Jari Arto Olavi "Jaajo" Linnonmaa (born 25 May 1978 in Helsinki) is a Finnish radio personality, actor and entrepreneur. Linnonmaa hosts the breakfast show together with Anni Hautala on Radio Suomipop. The show is one of the most popular radio shows in Finland within its timeslot and the show and Linnonmaa himself have won several accolades at the Finnish Radio Gala.

In 2014, Linnonmaa made his acting debut in a small supporting role as a paramedic in the Finnish medical drama television series Syke on Yle TV2. In the same year production started on the Finnish comedy film Luokkakokous, in which Linnonmaa has a leading role, along with Aku Hirviniemi and stand-up comedian Sami Hedberg. The film was a commercial success and the sequel, Luokkakokous 2 – Polttarit, was released in 2016.
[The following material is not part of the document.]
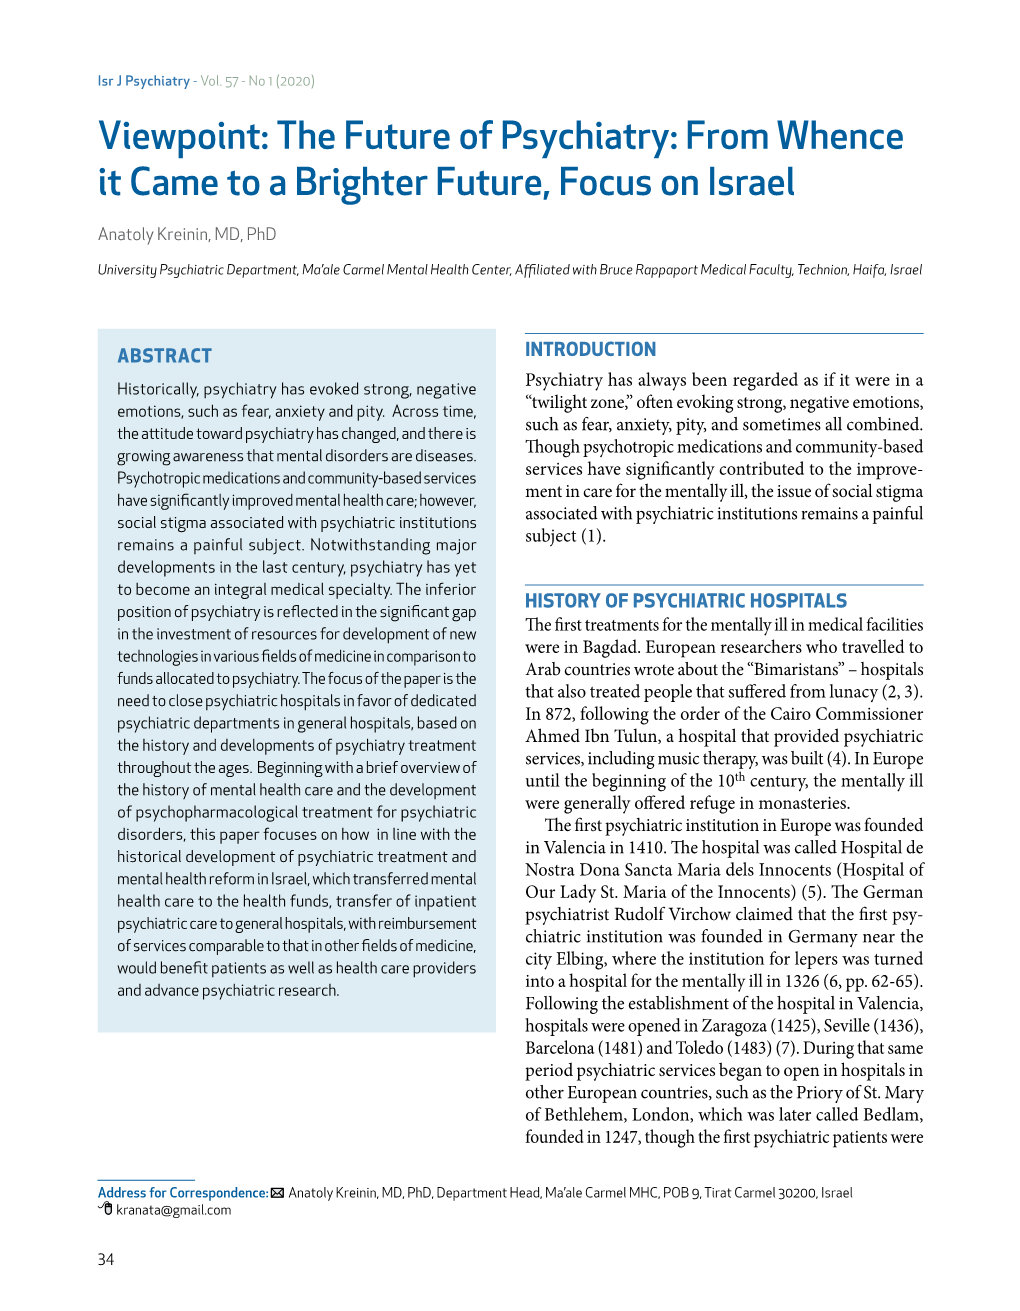 Viewpoint: the Future of Psychiatry: from Whence It Came to a Brighter Future, Focus on Israel

Since 2016, Linnonmaa has presented the revival of Haluatko miljonääriksi?, the Finnish version of popular game show Who Wants to Be a Millionaire?.

==Business activities==
Linnonmaa is a business investor and entrepreneur and has invested in and runs several companies and business ventures. In 2013, he co-founded MySoda, a distributor of a consumer home carbonation products, which operates in several European countries.

==Personal life==
Linnonmaa is married to Maija Stewart-Linnonmaa. They have four children. He is also active in horse racing.

As a child, Linnonmaa was unable to pronounce his first name "Jari", so he substituted it with "Jaajo", which he later adopted as his stage name.